Maybe Apple's  TV+ unveiling was a sign of things to come.

That splashy March reveal, dubbed 'It's Showtime', was just as much about dazzling onlookers with Hollywood star power -- Oprah Winfrey, Jennifer Aniston and Steven Spielberg all made appearances -- as it was about showcasing Apple's new services.

Now, with the November launch of TV+ just weeks away, Apple is seeking to place some of its TV+ content in movie theaters for traditional theatrical runs, the WSJ reported. Apple (AAPL) - Get Report shares closed 0.49% lower on Friday to $218.82.

Apple is reaching out to movie industry representatives with the goal of placing films that will run on TV+ in theaters prior to their streaming release, according to the report. The films would have typical theatrical run of a few weeks before going live on TV+.

Titles that Apple may seek to play in theaters include Sofia Coppola's On the Rocks, due for a mid-2020 release, and a documentary called The Elephant Queen that chronicles an elephant leading her herd through Africa. In the latter case, Apple may seek to place it in theaters in November, the same time it's available on TV+, so that it can be up for awards season.

The theatrical strategy follows earlier signs that Apple is focused on quality over quantity -- just a few dozen original shows or movies have been announced for TV+, to be rolled out over the coming months. For film projects, Apple is planning to finance six projects per year to the tune of $5 million to $30 million apiece, with a goal of making it to the Academy Awards.

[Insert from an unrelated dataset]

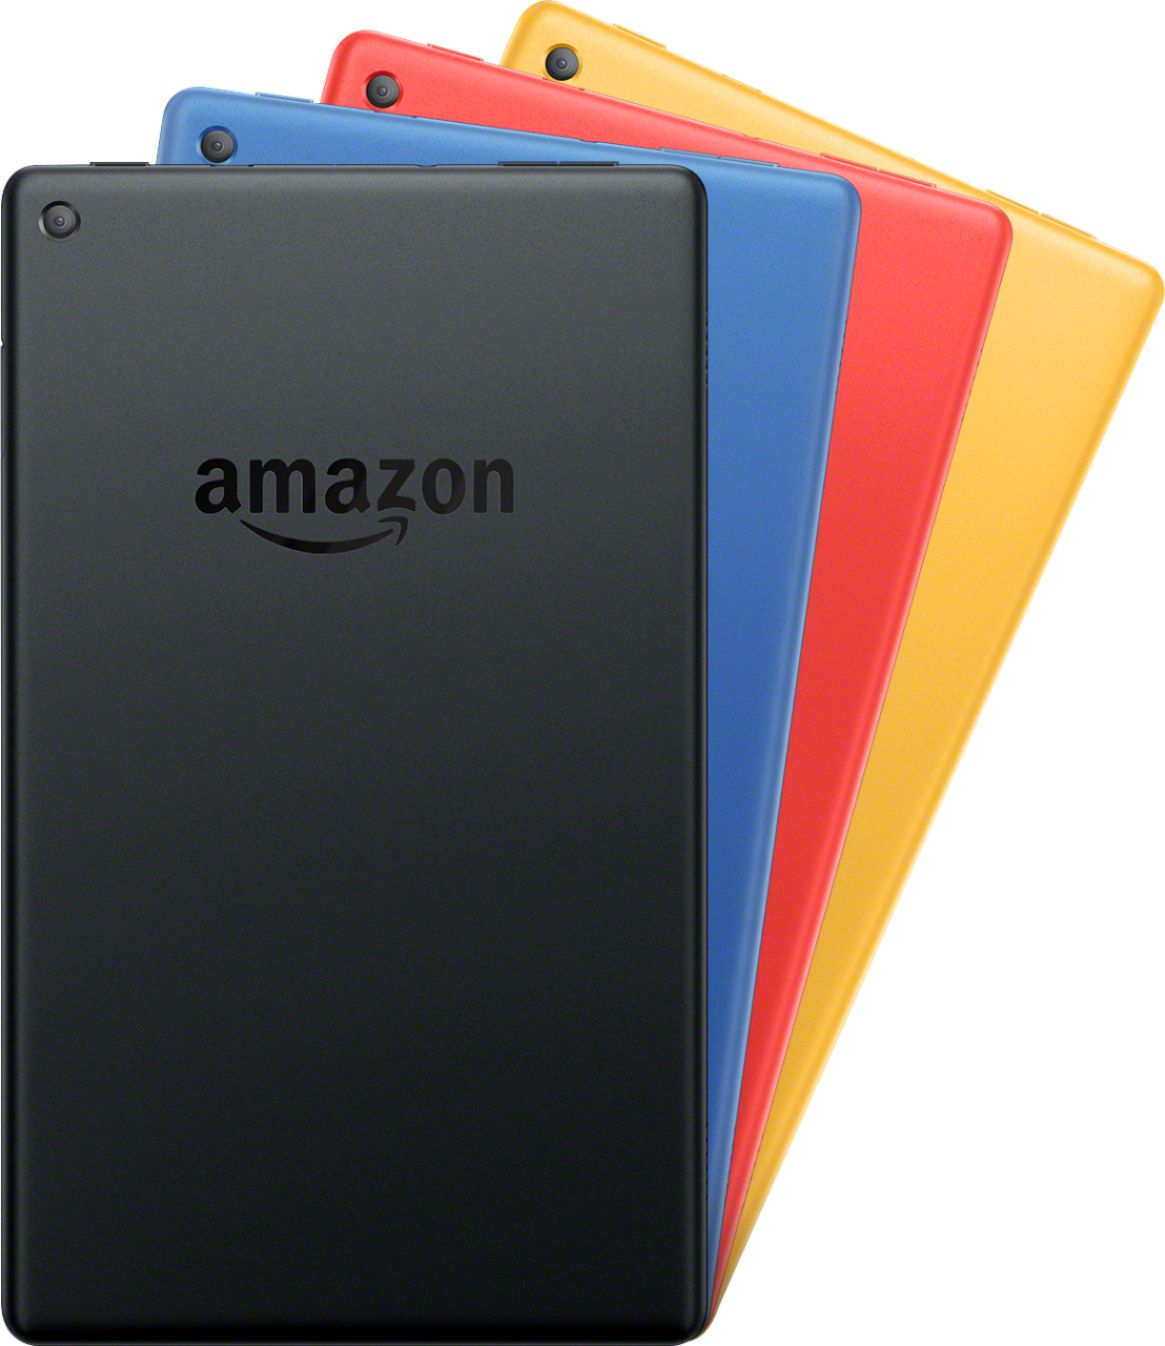 PC/タブレット タブレット Best Buy: Amazon Fire HD 8 8

It isn't just glamour and ego driving such a goal -- there's a good business case for chasing theatrical releases and award nominations. It's one that rival Netflix (NFLX) - Get Report has leveraged with some success.

Award nominations may get some viewers more interested in watching a movie. But more importantly, they also make it easier for Hollywood upstarts like Netflix, Apple and Amazon (AMZN) - Get Report to attract top acting and production talent to projects. On an earnings call in January, Netflix content chief discussed the reasoning behind the company's theatrical ambitions with Roma, which had a limited theatrical run and wound up winning three Academy Awards. 

"It's good for the industry to know, it's good for the creative community to know, it's good for fans to know that we're at a time when we're growing big audience films like that," Netflix Chief Content Officer Ted Sarandos said at the time. 

Award nominations aren't just bells and whistles -- in a time when wealthy tech firms are crowding into the entertainment market, money alone isn't enough to lure in the best creative talent, according to Allen Adamson, professor at NYU's Stern School of Business and founder of brand strategy firm Metaforce.

"It's a top-down market, and the Oscars and Golden Globes create an aura of creative excellence that trickles down," he told TheStreet.